Некоторые из его разговоров с Эдит были, безусловно, чем угодно, только не обнадеживающими. В другое время он чувствовал моральную уверенность, что она разделяет то расстройство двустворчатого органа, технически определяемого как «мышечный орган, который является первичным инструментом движения крови», чьи худшие боли, как говорят, стоят больше, чем величайшие удовольствия. Он был очень серьезен и совершенно прямолинеен. Теперь не было никаких колеблющихся нерешительностей, а лишь самое прямое утверждение предпочтения. Его маленькие речи не были окутаны розовыми облаками метафор, поэзии и далеких намеков, как у капитана Кендалла, и не лились непрерывным потоком романтического красноречия, как у этого одаренного воина. Они были настолько честными и настолько неуклюжими, что Эдит иногда не могла удержаться от веселого смеха над ними, к его большому смущению, состоя из таких заявлений, как: «Ты знаешь, что я ужасно к тебе привязан. Я был потрясен с самого начала. Если ты мне не веришь, можешь спросить Рэмси. Я рассказал ему все об этом. Ты нисколько не похожа ни на одну другую девушку, которую я когда-либо знал, кроме миссис Де Витт немного. Полагаю, ты знаешь, что я женился бы на ней по первому зову, если бы мог. Но это все в прошлом. Теперь я очень сильно забочусь о тебе и буду совершенно ужасно подавлен, если ты не захочешь иметь со мной ничего общего — правда, буду. Я, честное слово, совершенно увлекся тобой. И я буду чрезвычайно рад и горд, если ты согласишься стать моей женой».

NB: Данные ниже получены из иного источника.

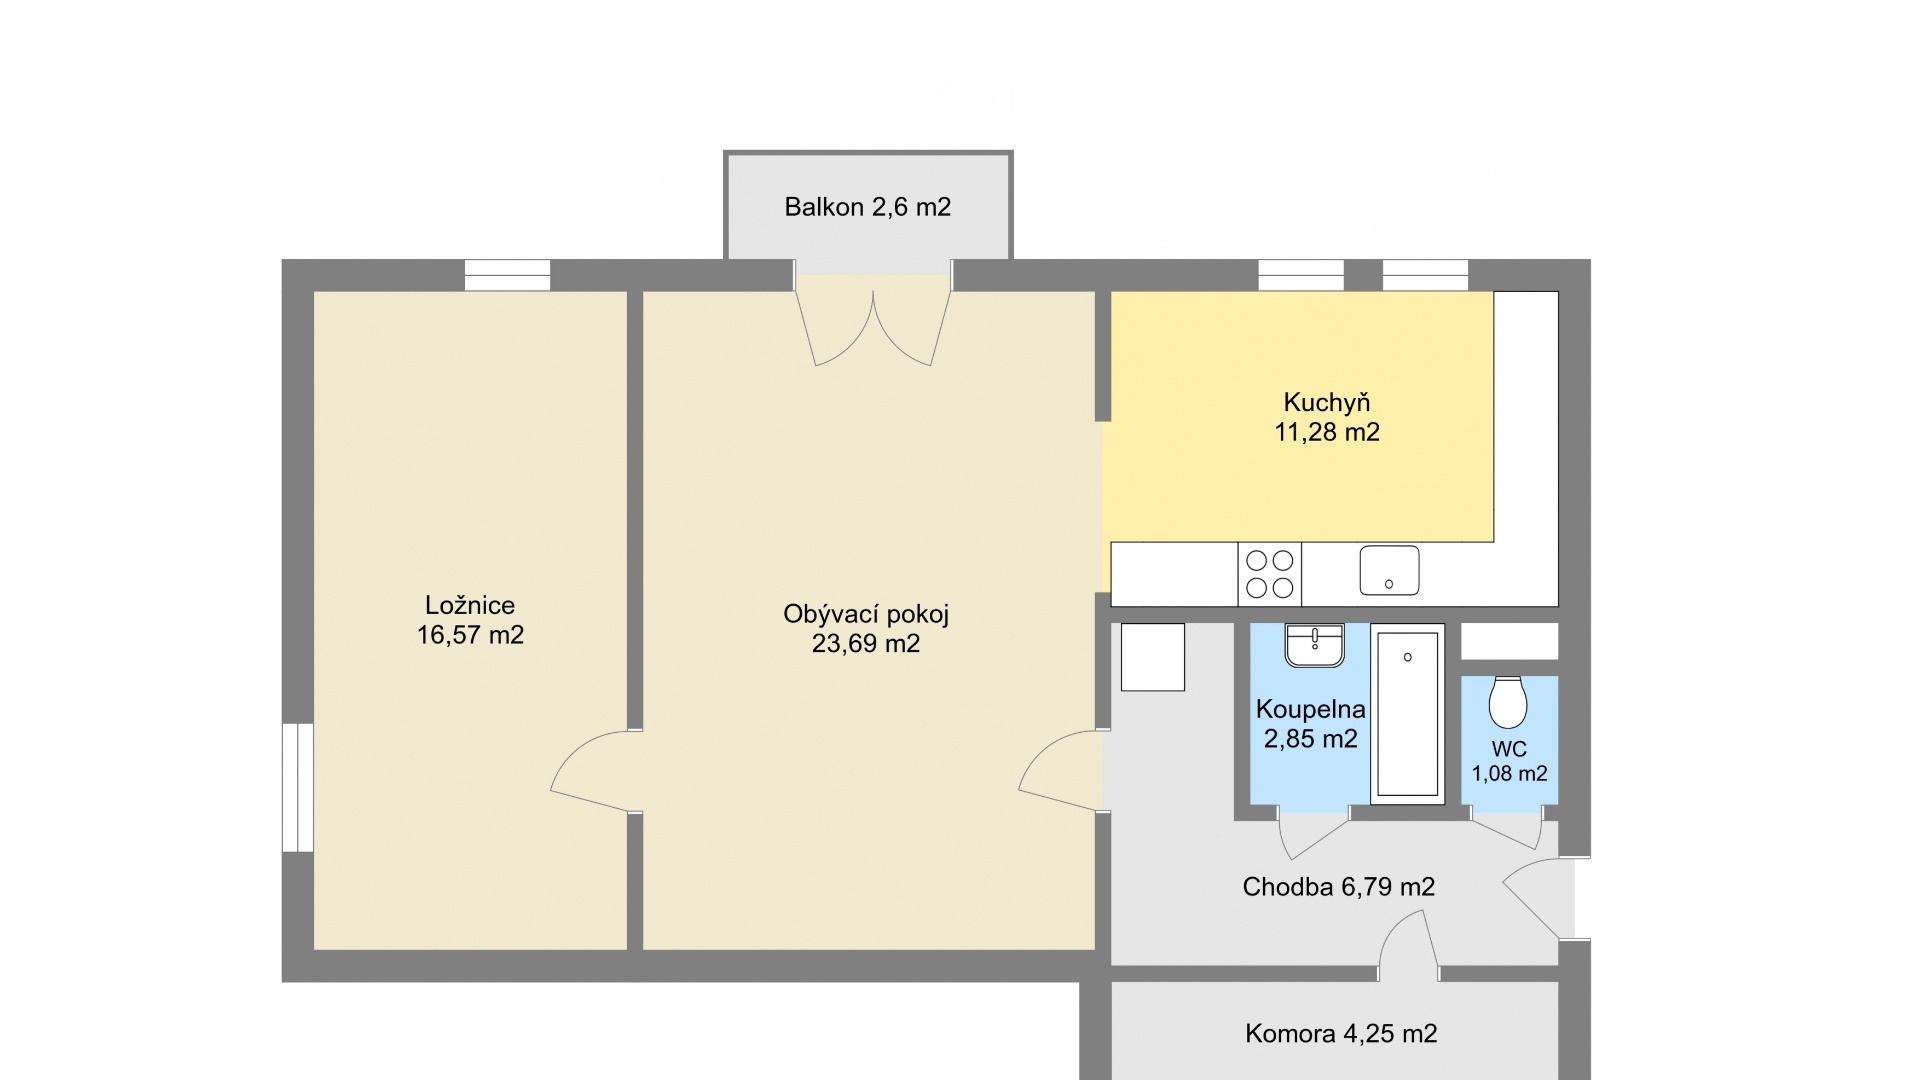 Pronájem bytu 2+1, 66m² s balkonem, sklepem a vlastním parkovacím stáním, Nupaky, ulice Luční
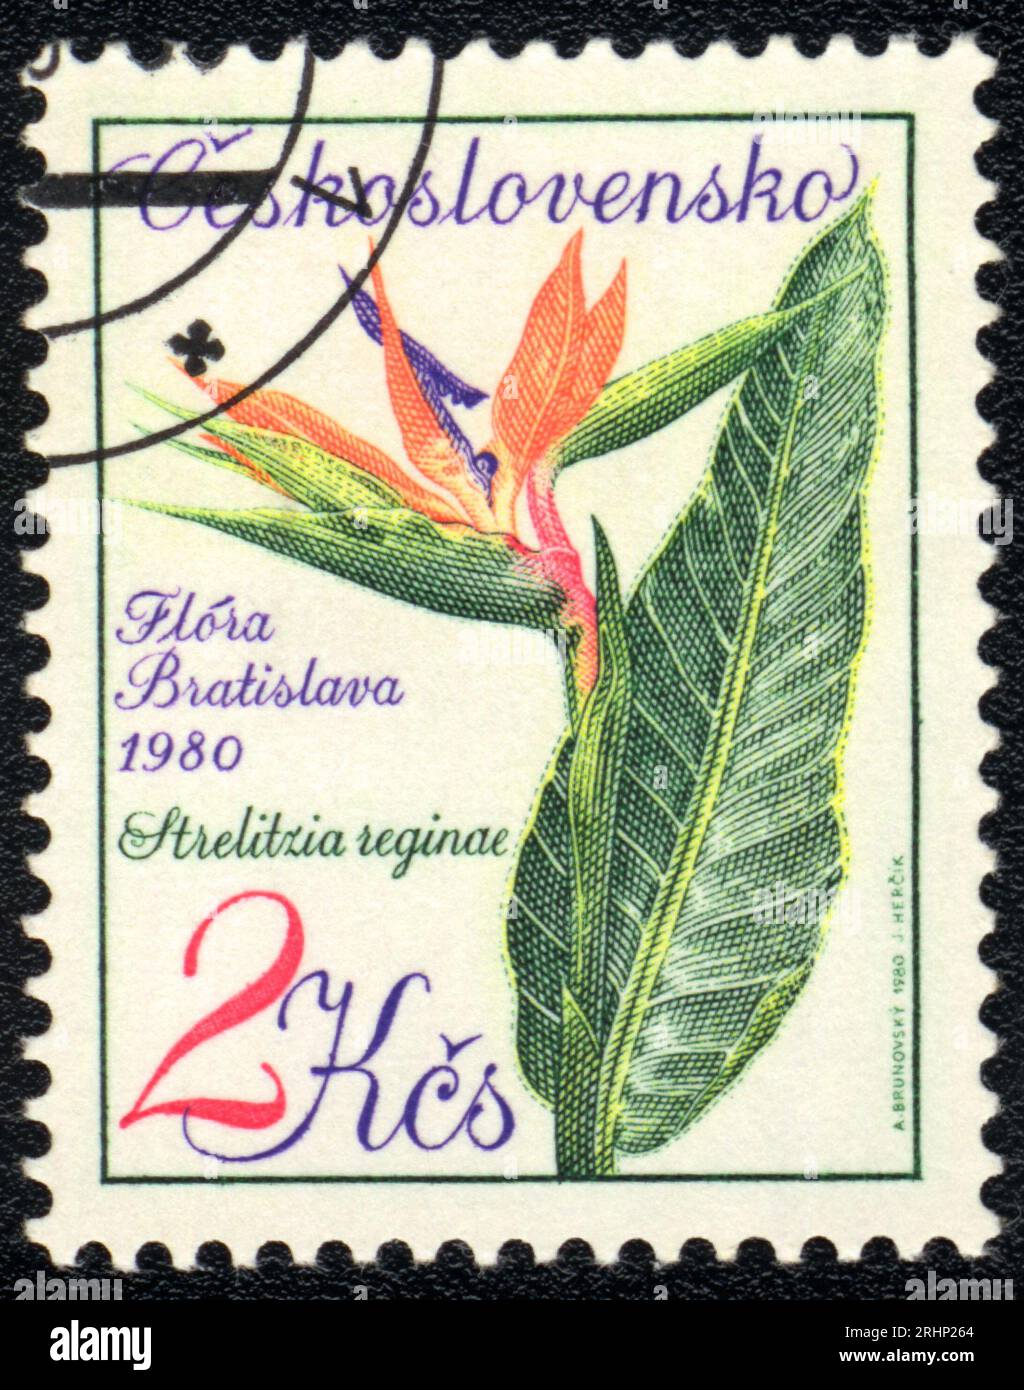 Ein in der Tschechoslowakei gedruckter Stempel zeigt das Bild der Kranichblume Strelitzia reginae, Flora Bratislava, 1980 Stockfoto

Когда Эдит не удавалось воспринимать такие речи всерьез, бедный мистер Хиткот был совершенно вне себя и, в ответ на ее подшучивающие обвинения в том, что он «большой флирт» и «на самом деле не имеет в виду ни слова из того, что говорит», противопоставлял либо грубое отрицание, либо глубоко раздраженное молчание. Они смотрели на многие вещи по-разному, поэтому находили пикантный интерес в обсуждении каждой темы, которая возникала.
«Вон идут Мэй Данбар и Фред Бич, — сказала она ему однажды в воскресенье, когда они возвращались из церкви. — Разве он не красив? Они помолвлены три года. Ты когда-нибудь слышал о такой постоянстве?»
«Ты называешь это постоянством? Да если парень не может подождать три года ради такой прекрасной девушки, он должен быть никчемным человеком. Да мой дядя Монтгомери был помолвлен со своей женой семнадцать лет, пока он ездил в Индию и тряс дерево пагоды, после чего вернулся, выплатил все долги своего отца, и они поженились и въехали в дом, который выбрали до его отплытия», — сказал мистер Хиткот.
«Боже милостивый! Какое время! Надеюсь, бедняги были счастливы в конце концов. Были?» — спросила Эдит.
«Хм... довольно хорошо. Он довольно вспыльчивый, тиранический старик. Она не получает своего пути, чтобы не навредить», — ответил он.
«Я слышала, что англичанки во всем уступают мужчинам и всегда, добровольно или невольно, приносятся им в жертву. Это должно быть так плохо для обоих», — мило сказала Эдит.
«О, ты, полагаю, выступаешь за права женщин и все такое», — сказал он с раздражением.
«Вовсе нет, я ничего подобного не делаю, — ответила она с жаром. — Если бы я делала, я бы подражала мужчинам, когда не насмехалась бы над ними. Но я уважаю ваш пол больше всего тогда, когда они больше всего заслуживают уважения, и я не вижу ничего достойного восхищения в эгоистичном, тираническом мужчине, который всегда навязывает свою волю, мнения и желания дамам своего дома и ожидает, что он будет первым соображением от колыбели до могилы только потому, что он мужчина».
«Но он глава своего дома. Он должен получать свое, если кто-то вообще получает, и, если он не трус, он будет, — довольно горячо сказал мистер Хиткот. — Ты бы хотела, чтобы мужчина был маменькиным сынком, привязанным к переднику своей жены и не смеющим назвать свою душу своей?»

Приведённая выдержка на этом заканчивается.